This doesn't seem quite correct. For one thing the final condition does not make sense as written. It should probably be  " It is not the case that $d_{2i}=a_{2i+1}$ (so $d_{2i-1}=0$) for all large enough $i$ " (equivalently "$d_{2i} \lt a_{2i+1}$ infinitely often") .  One would also want the similar condition for the situation $d_{2i-1}=a_{2i}.$ 

Perhaps $d_0$ can be any integer, positive or negative. Otherwise there is certainly an upper bound (perhap$(a_0+1)\theta_1$) on the  $\beta$  which can be expressed. 

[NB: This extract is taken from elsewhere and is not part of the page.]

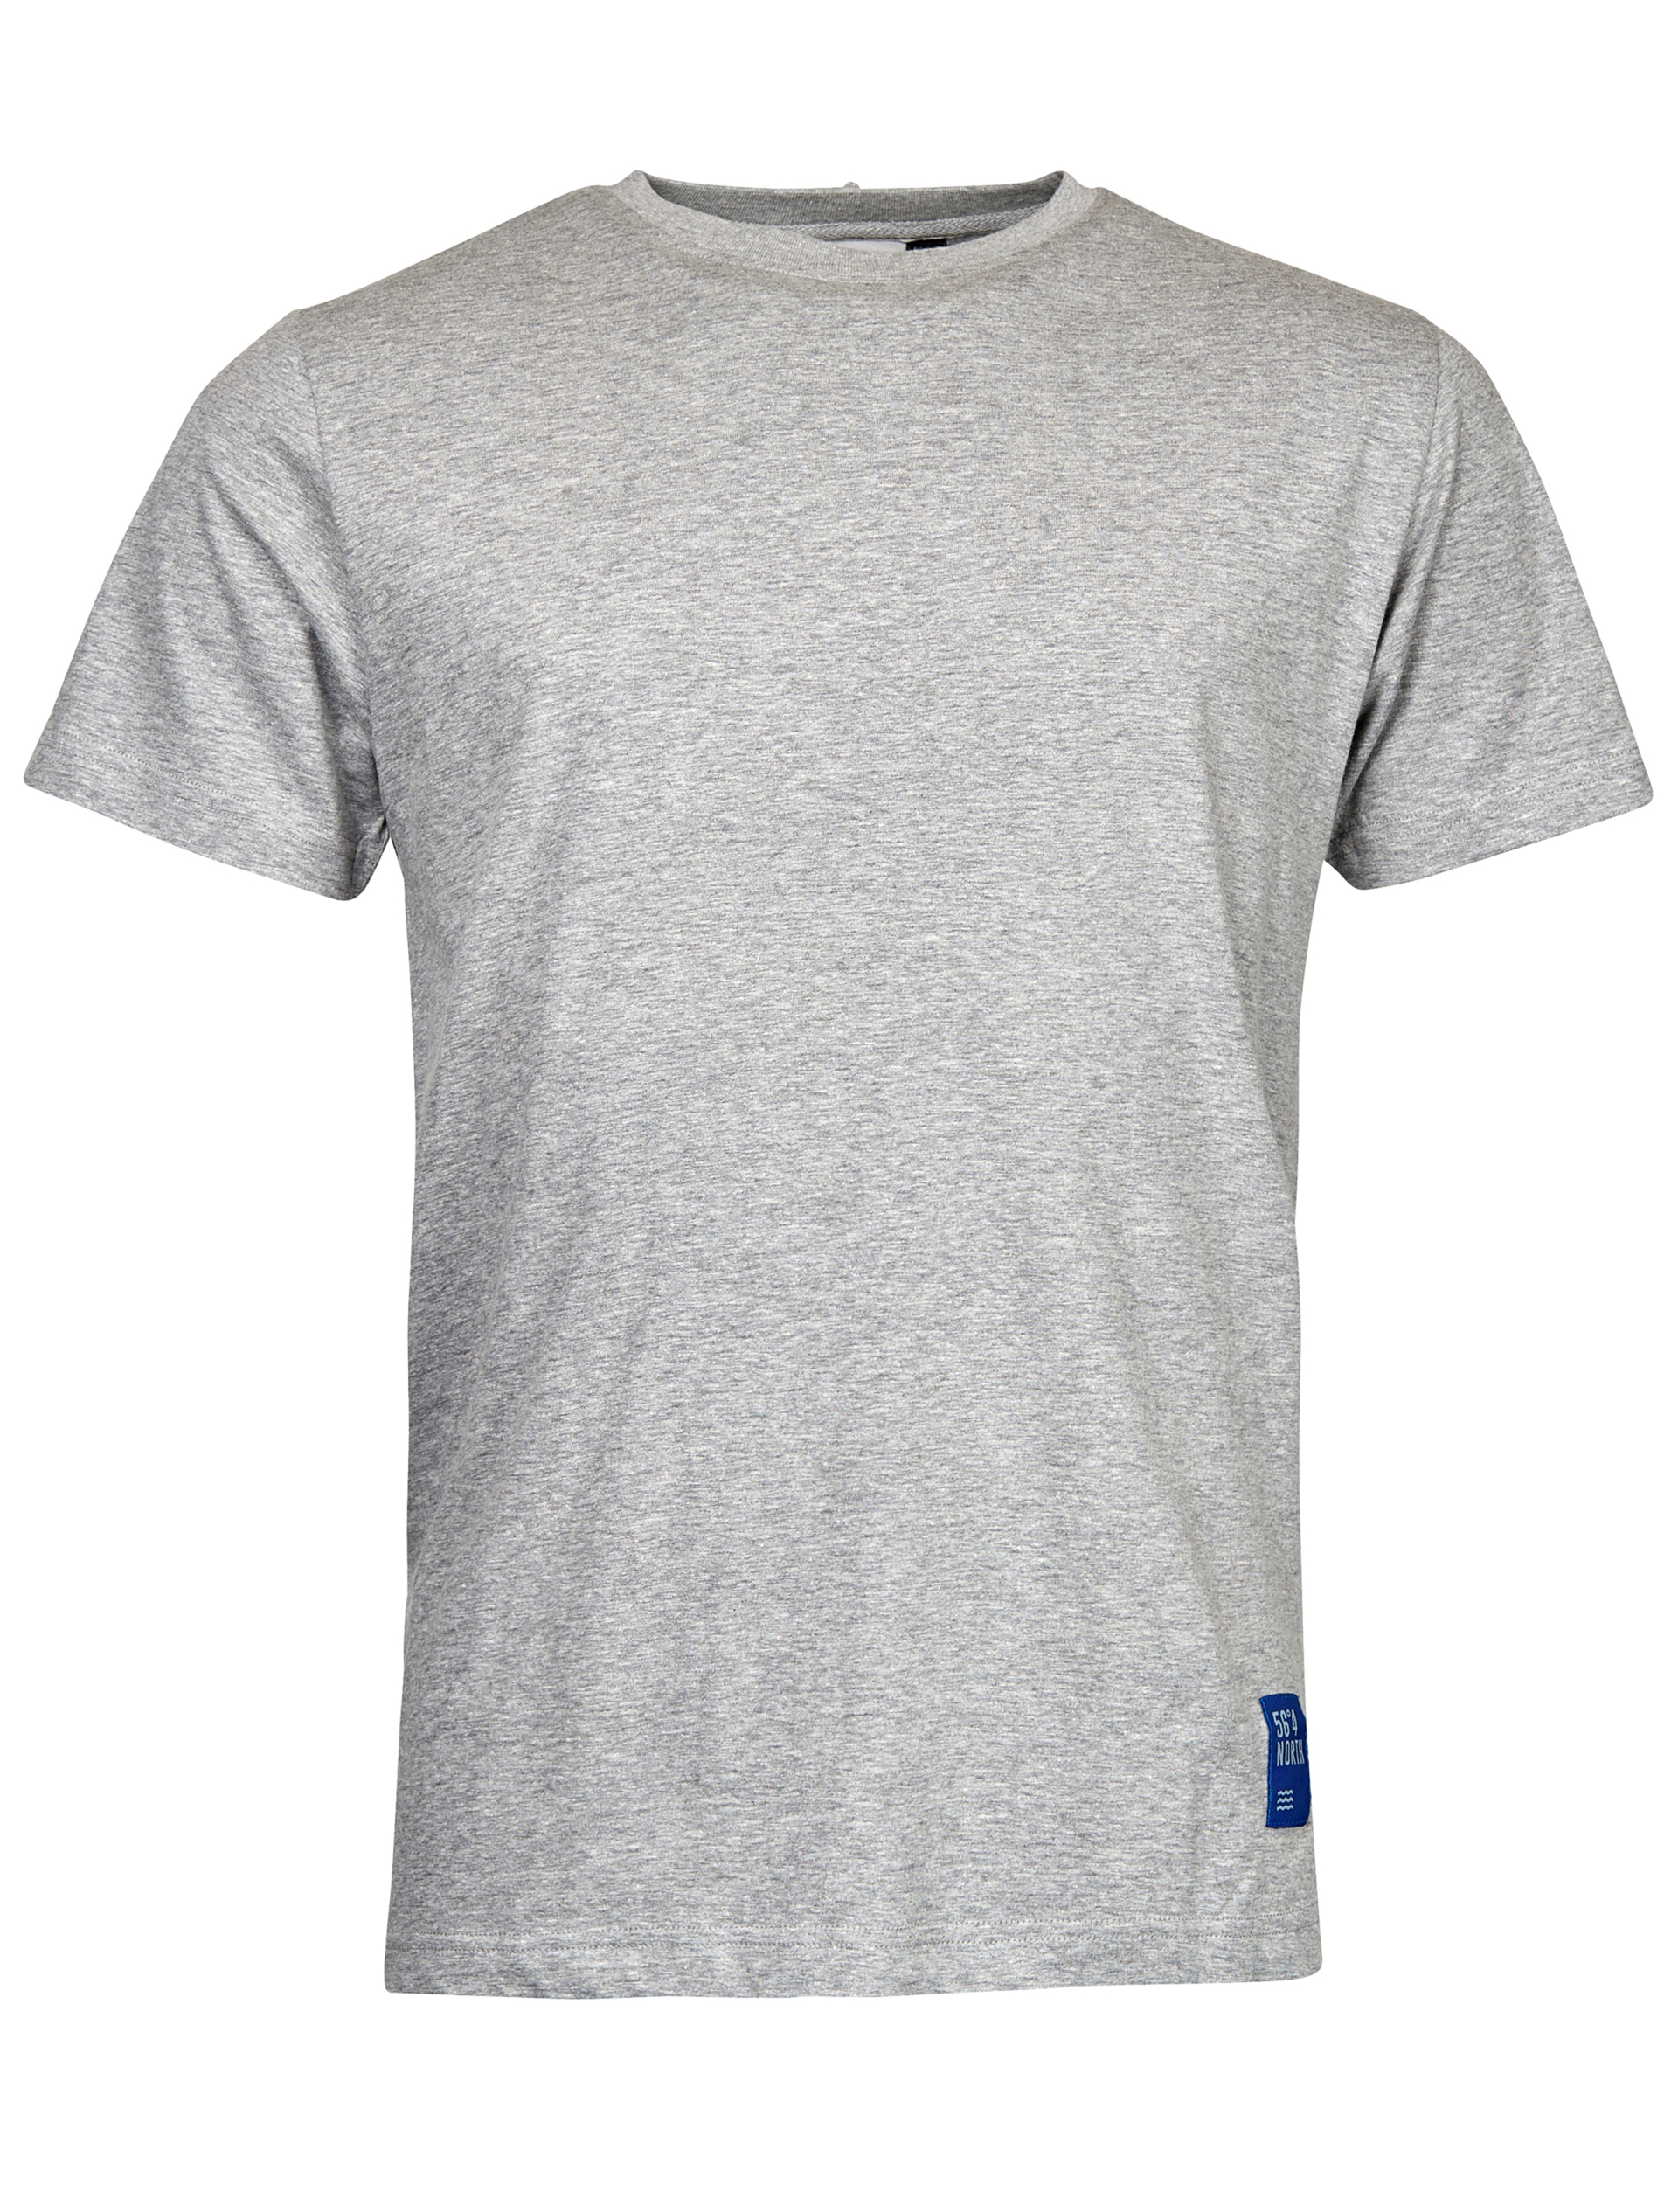 North T-shirt grå / grey

HOWEVER, something along these lines should be true. You could likely discover then prove it by (imagining that) you are looking at an example such as $\sqrt{3}=[3;3,3,3,\cdots]$, considering the sums with $d_i=0$ for $i \gt N$ and where they are: The following would seem to  need to be true along with the obvious extensions. Only the indicated inequalities actually need to be justified.  $$0 \lt \theta_0 \lt 2\theta_0 \lt 3\theta_0$$  $$(d_0-1)\theta_0 \lt^? d_0\theta_0+3\theta_1 \lt d_0\theta_0+2\theta_1 \lt d_0\theta_0+\theta_1 \lt d_0\theta_0 $$ 

$$d_1\theta_1 \lt d_1\theta_1+\theta_2 \lt d_1\theta_1+2\theta_2\lt d_1\theta_1+3\theta_2  \lt^? (d_1-1)\theta_1$$

Describe what happens (for general $\alpha$), prove it using the properties of continued fractions, figure out what breaks down with $d_i=a_{i+1}$ and $d_{i-1} \ne 0$ and with having the (correct) final conditions fail.

**Later** A alternating in sign sequence $|\theta_0| \gt |\theta_2| \gt \cdots$  from a continued fraction has many properties but perhaps only some of them are needed for the result you wish (whatever it is). It might be helpful to just analyze what has to be true for the result to hold.